General characteristics
- Class & type: Type 056 corvette
- Displacement: 1400 tonnes
- Length: 90.1 metres (296 ft)
- Beam: 11.14 metres (36.5 ft)
- Draft: 3.37 metres (11.1 ft)
- Propulsion: 2 x SEMT Pielstick 12PA6 diesel
- Speed: 25 knots (46 km/h; 29 mph)
- Complement: 78 (18 officer)
- Sensors & processing systems: SR2410C S-band 3D multifunctional radar; Type 348 fire control radar for main gun;
- Armament: 1 x H/PJ-26 76 mm main gun; 2 x H/PJ-17 30 mm gun turret; 2 x 2 cell C-802A anti-ship missiles; 1 x 8 cell FL-3000N; 2 × 6-tube Type-87 ASW rocket launchers;
- Aviation facilities: Helicopter deck

= BNS Prottasha =

BNS Prottasha is a Type 056 stealth surface warfare guided missile corvette of the Bangladesh Navy. She was built at Wuchang Shipyard of China.

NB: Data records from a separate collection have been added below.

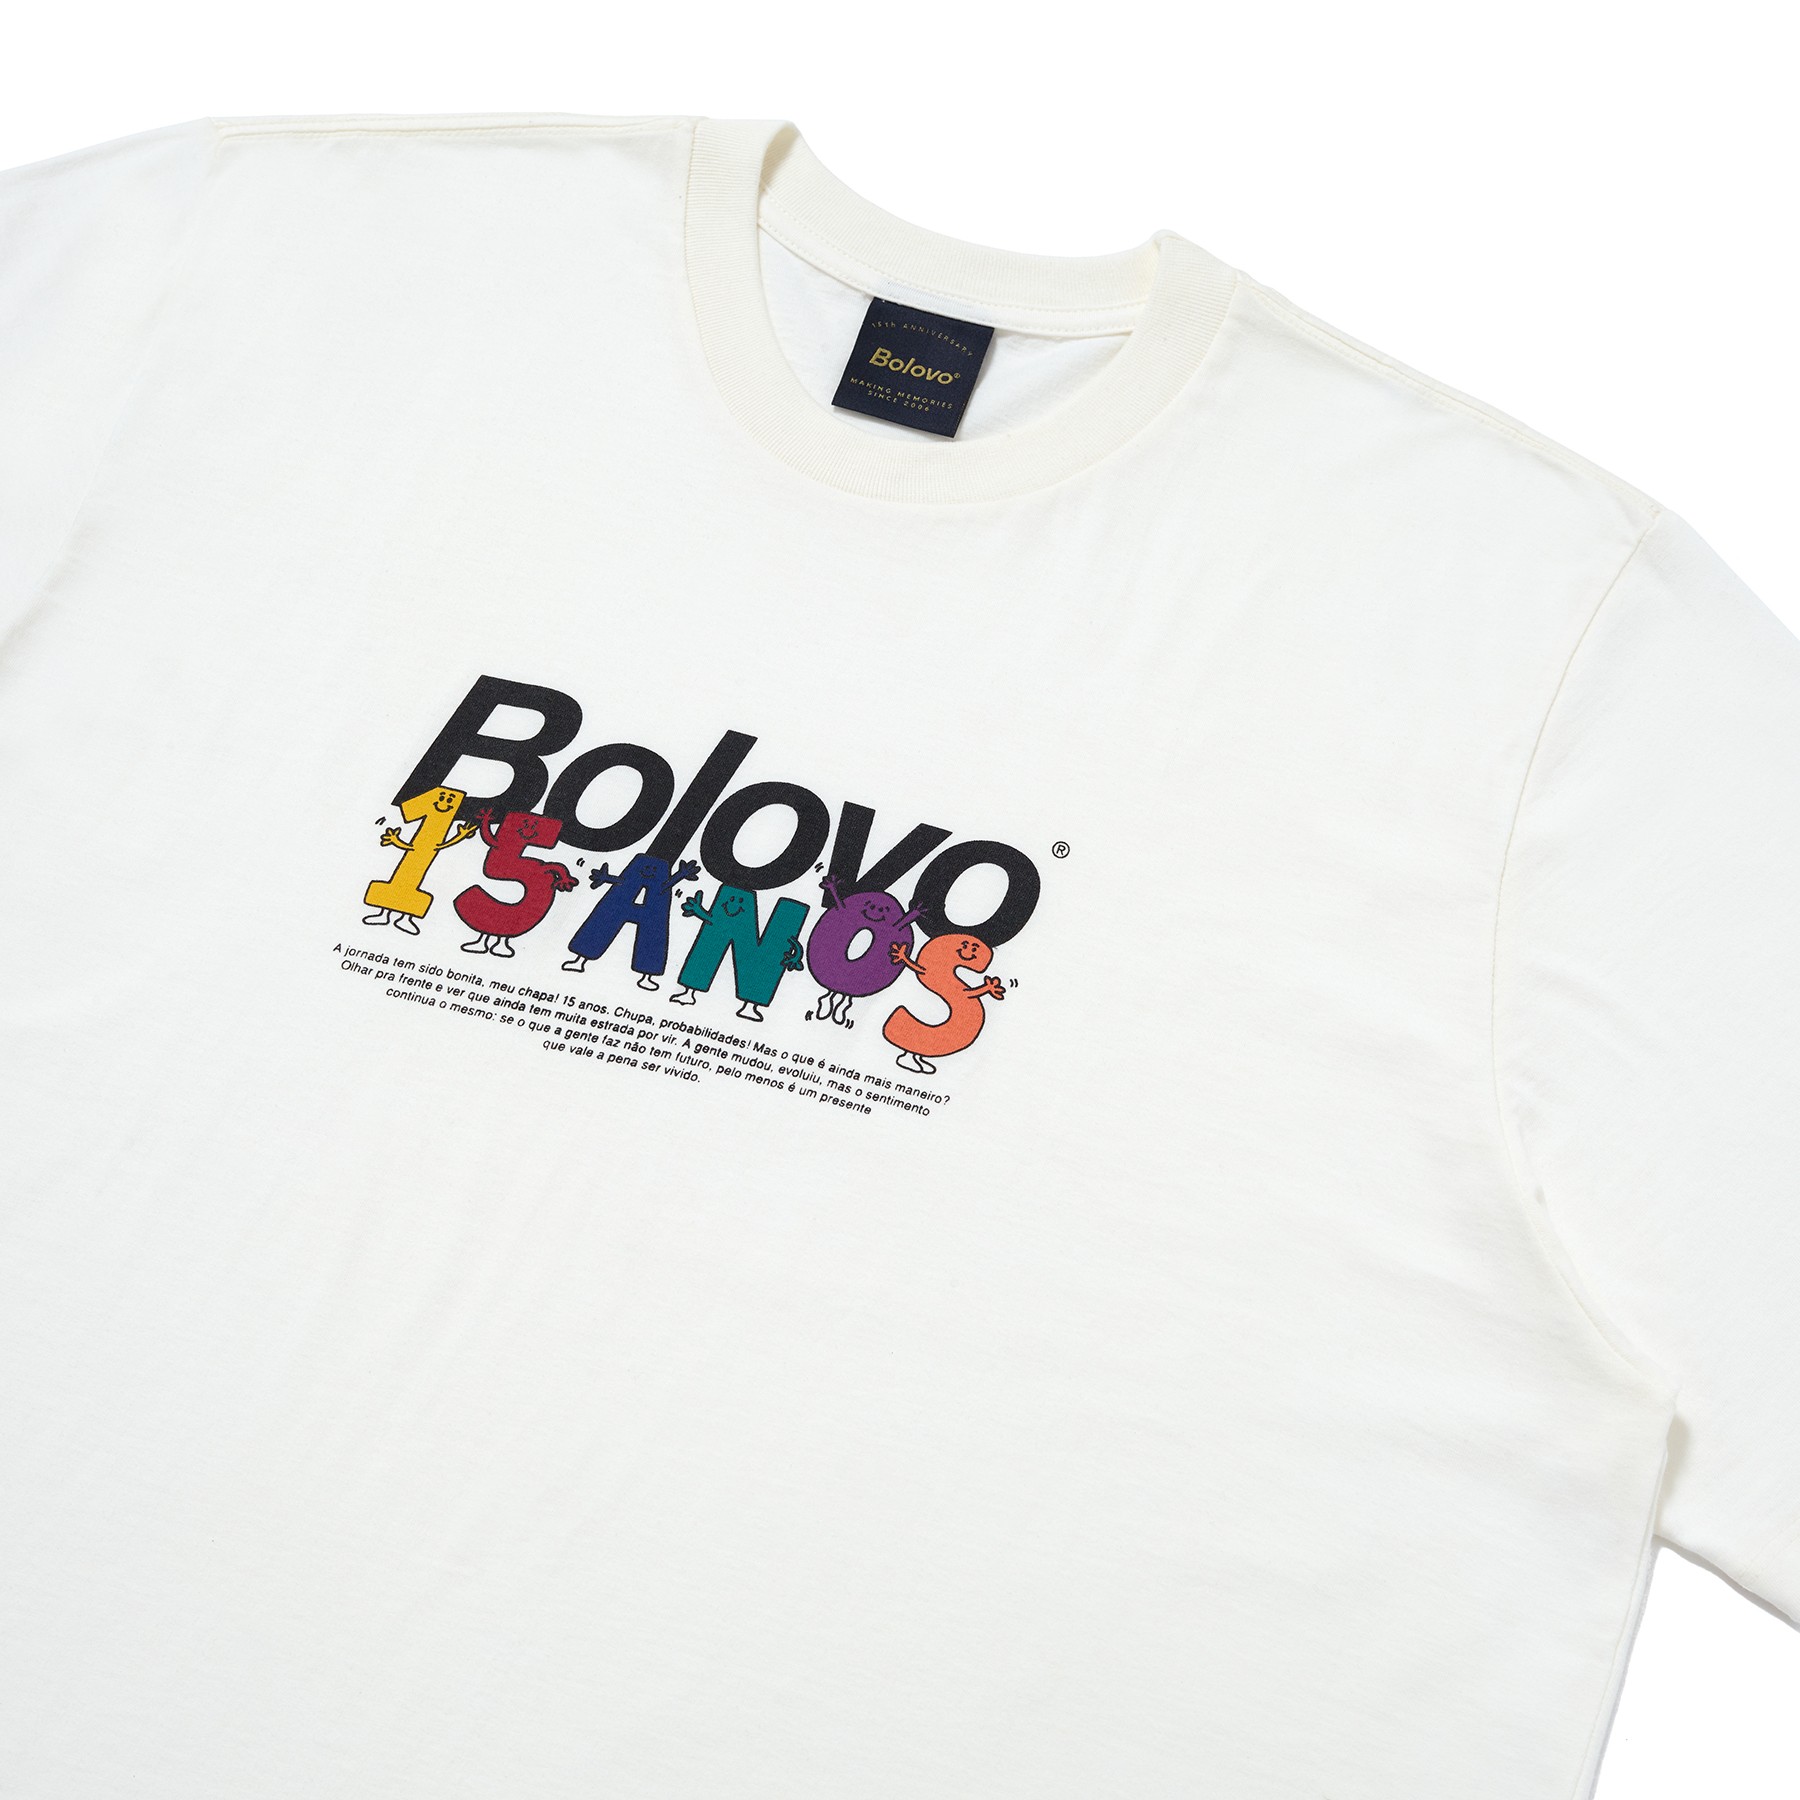 Camiseta 15 Anos ® Off White - BOLOVO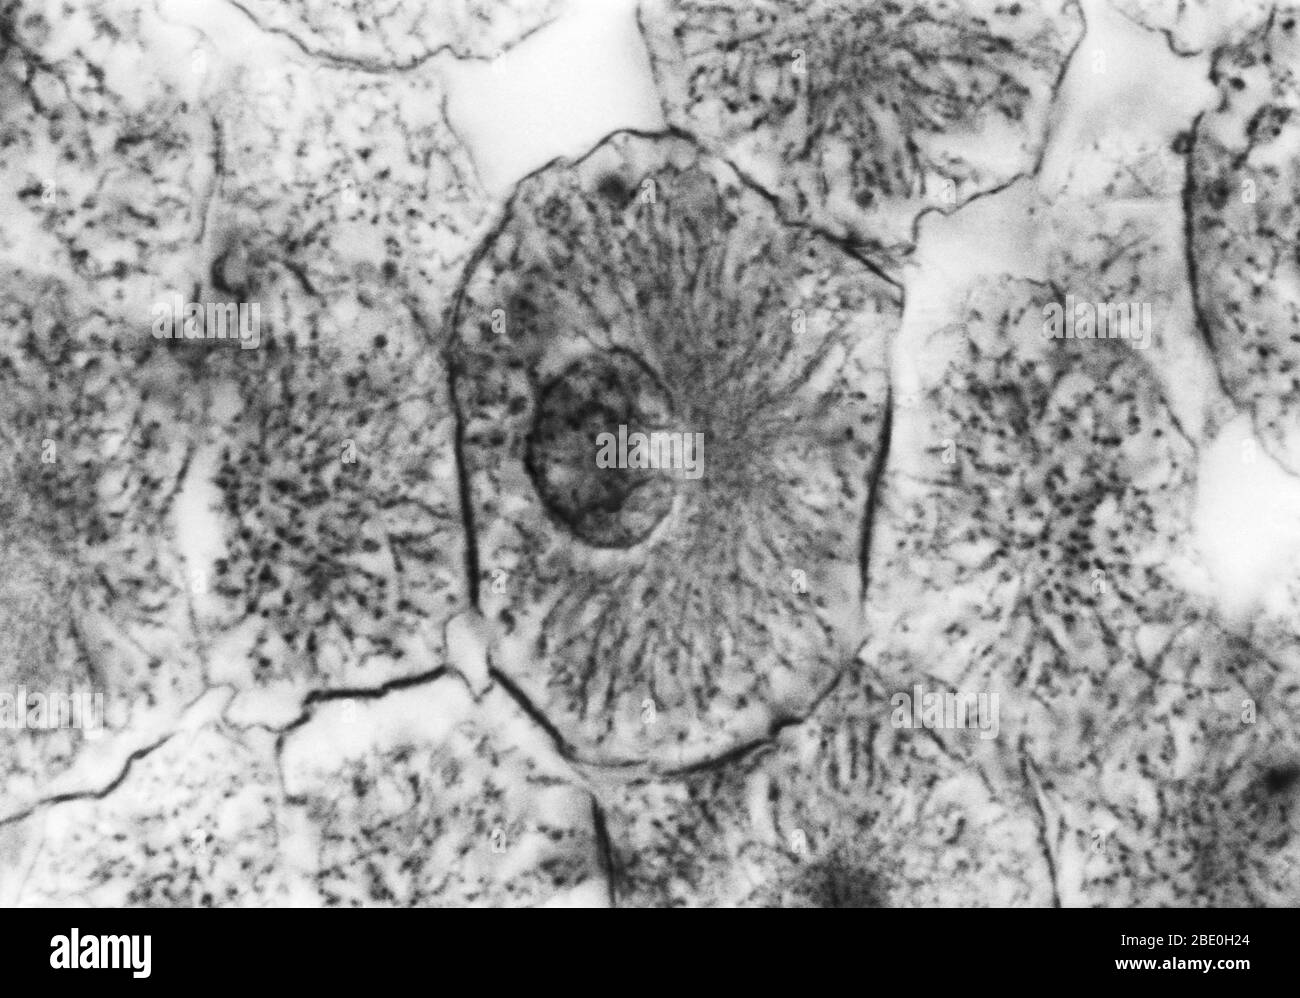 Micrographe léger montrant la mitose dans la blastula de grand corégone, prophase. Aucun agrandissement donné. Mitose, la méthode habituelle de division cellulaire, caractérisée typiquement par la résolution de la chromatine du noyau en une forme de thrélike, qui se condense en chromosomes, chacun d'eux se sépare longitudinalement en deux parties, une partie de chaque chromosome étant retenue dans chacune des deux nouvelles cellules résultant de la cellule d'origine. Les quatre principales phases de la mitose sont la prophase, la métaphase, l'anaphase et la télophase. Blastula, un embryon animal à l'étape immédiatement après la division de l'oeuf fécondé Banque D'Images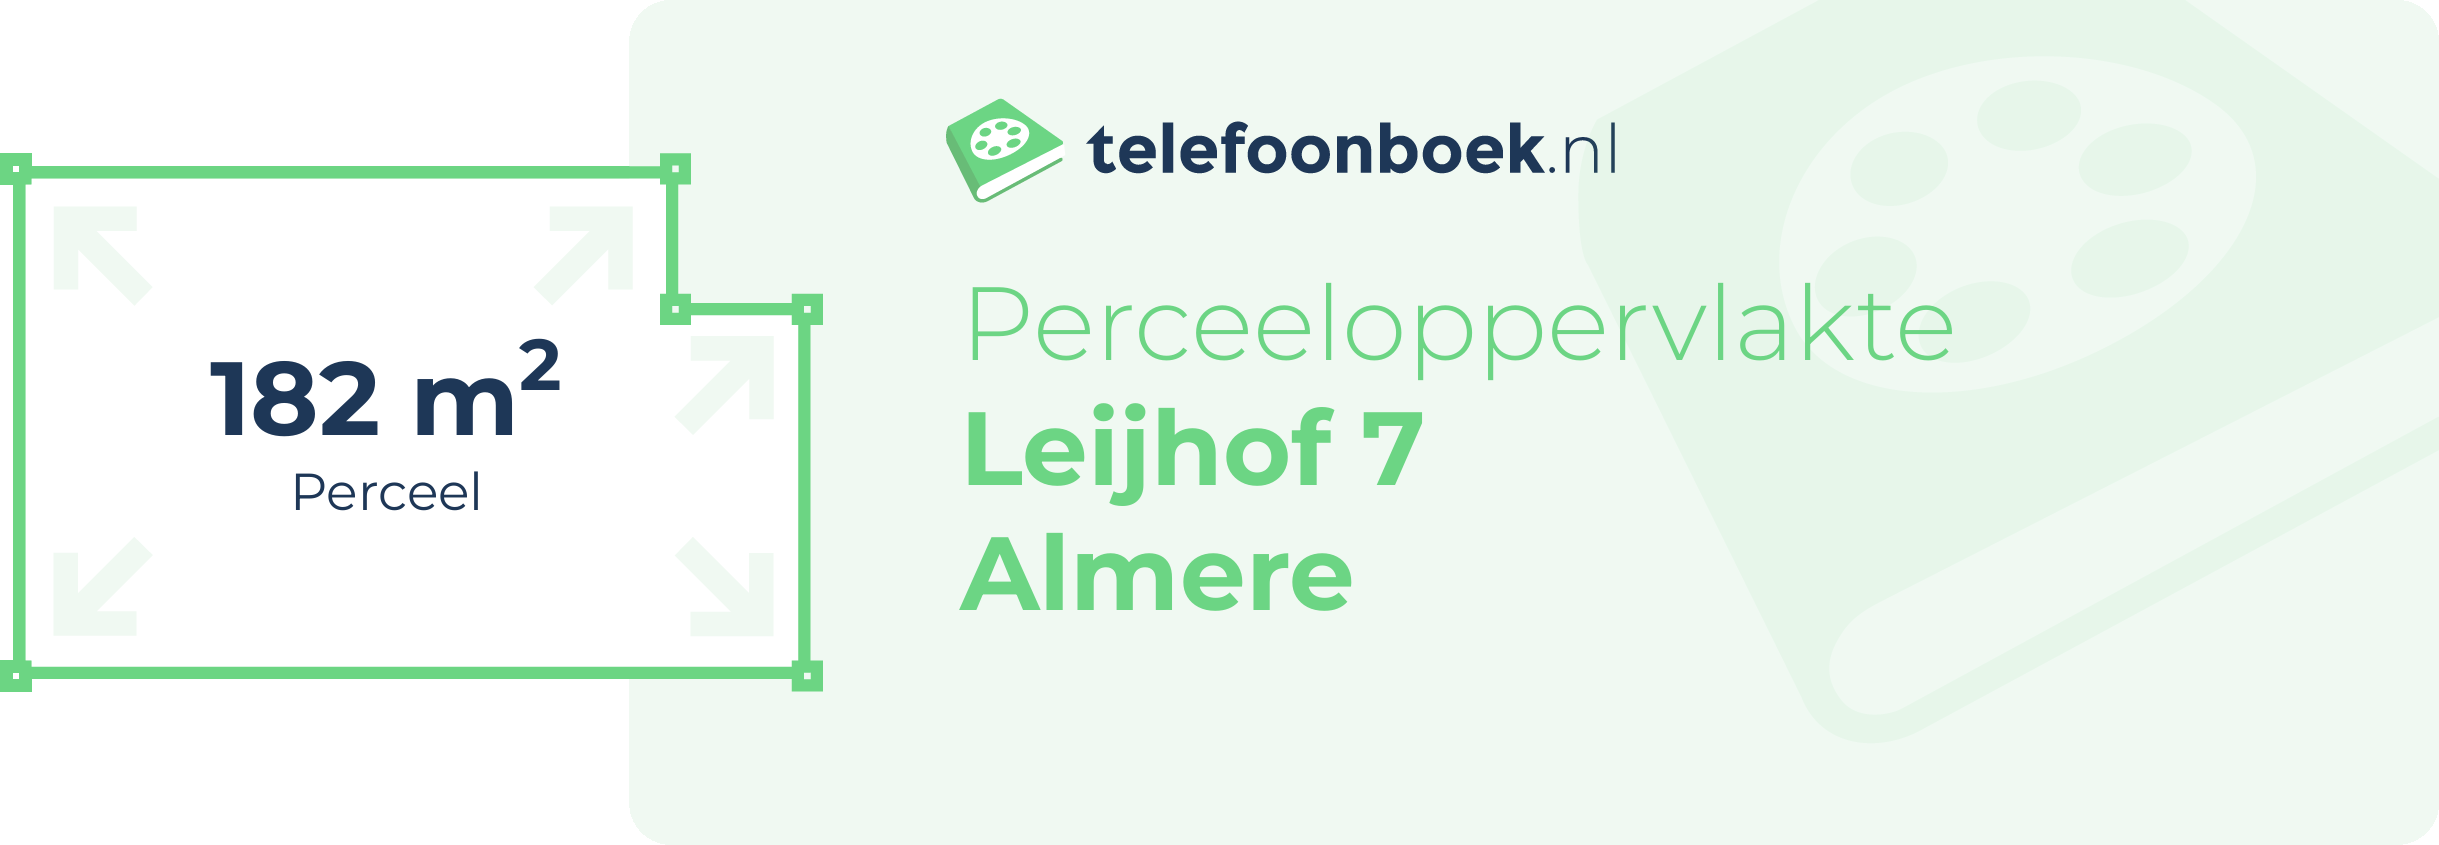 Perceeloppervlakte Leijhof 7 Almere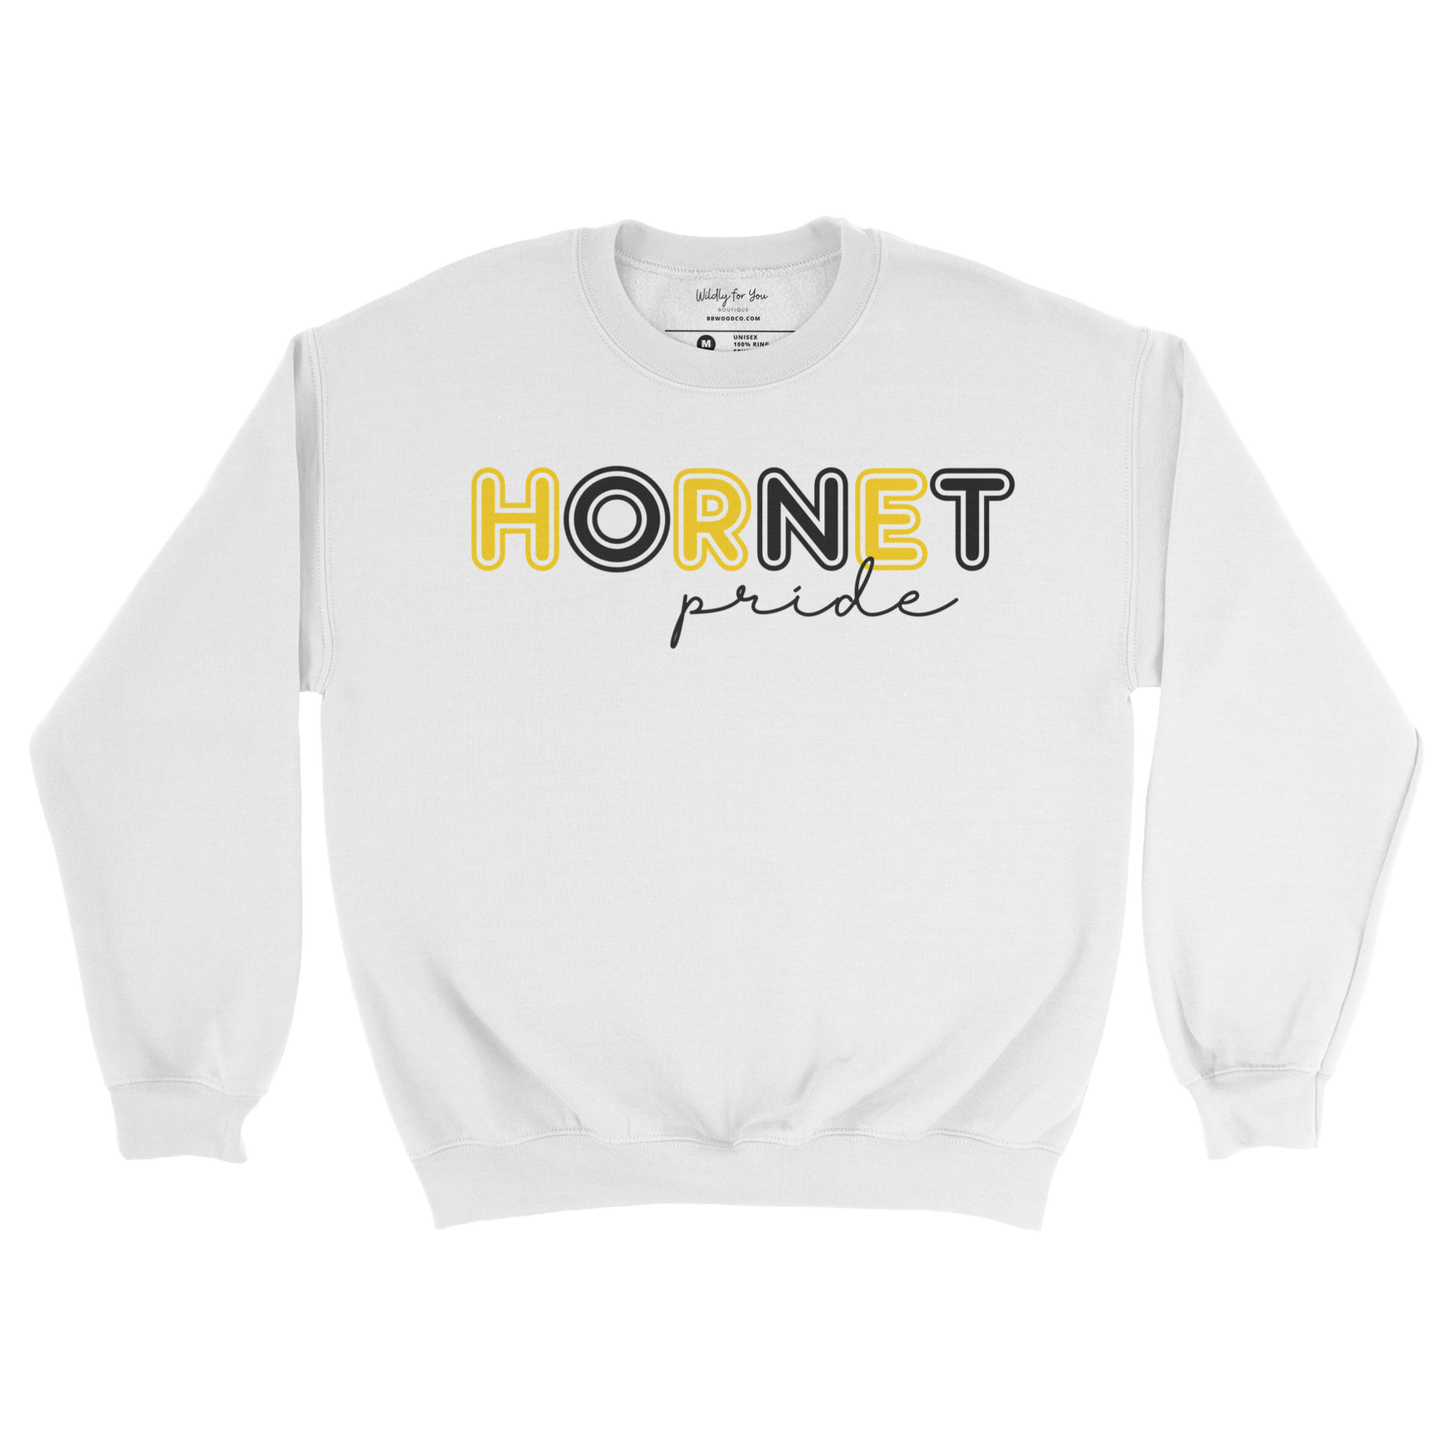 Hornet Pride Crewneck Sweatshirt

She is the fourth corvette of the class for the Bangladesh Navy.

==Career==
Bangladesh Navy signed a contract with China State Shipbuilding Corporation for second batch of two C-13B version of Type 056 corvettes on 21 July 2015 to China. The ships were laid down at Wuchang Shipyard in China on 9 August 2016. BNS Prottasha was launched on 8 April 2018. China Shipbuilding Industry Corporation (CSIC) handed over the ship to the Bangladesh Navy on 28 April 2019. She started her delivery sail from the port of Shanghai, China to Bangladesh on 12 April 2019. On the way home, she made stoppages at the Yantian port of China and the port Klang of Malaysia. She reached home on 27 April 2019. BNS Prottasha was commissioned to the Bangladesh Navy on 5 November 2020.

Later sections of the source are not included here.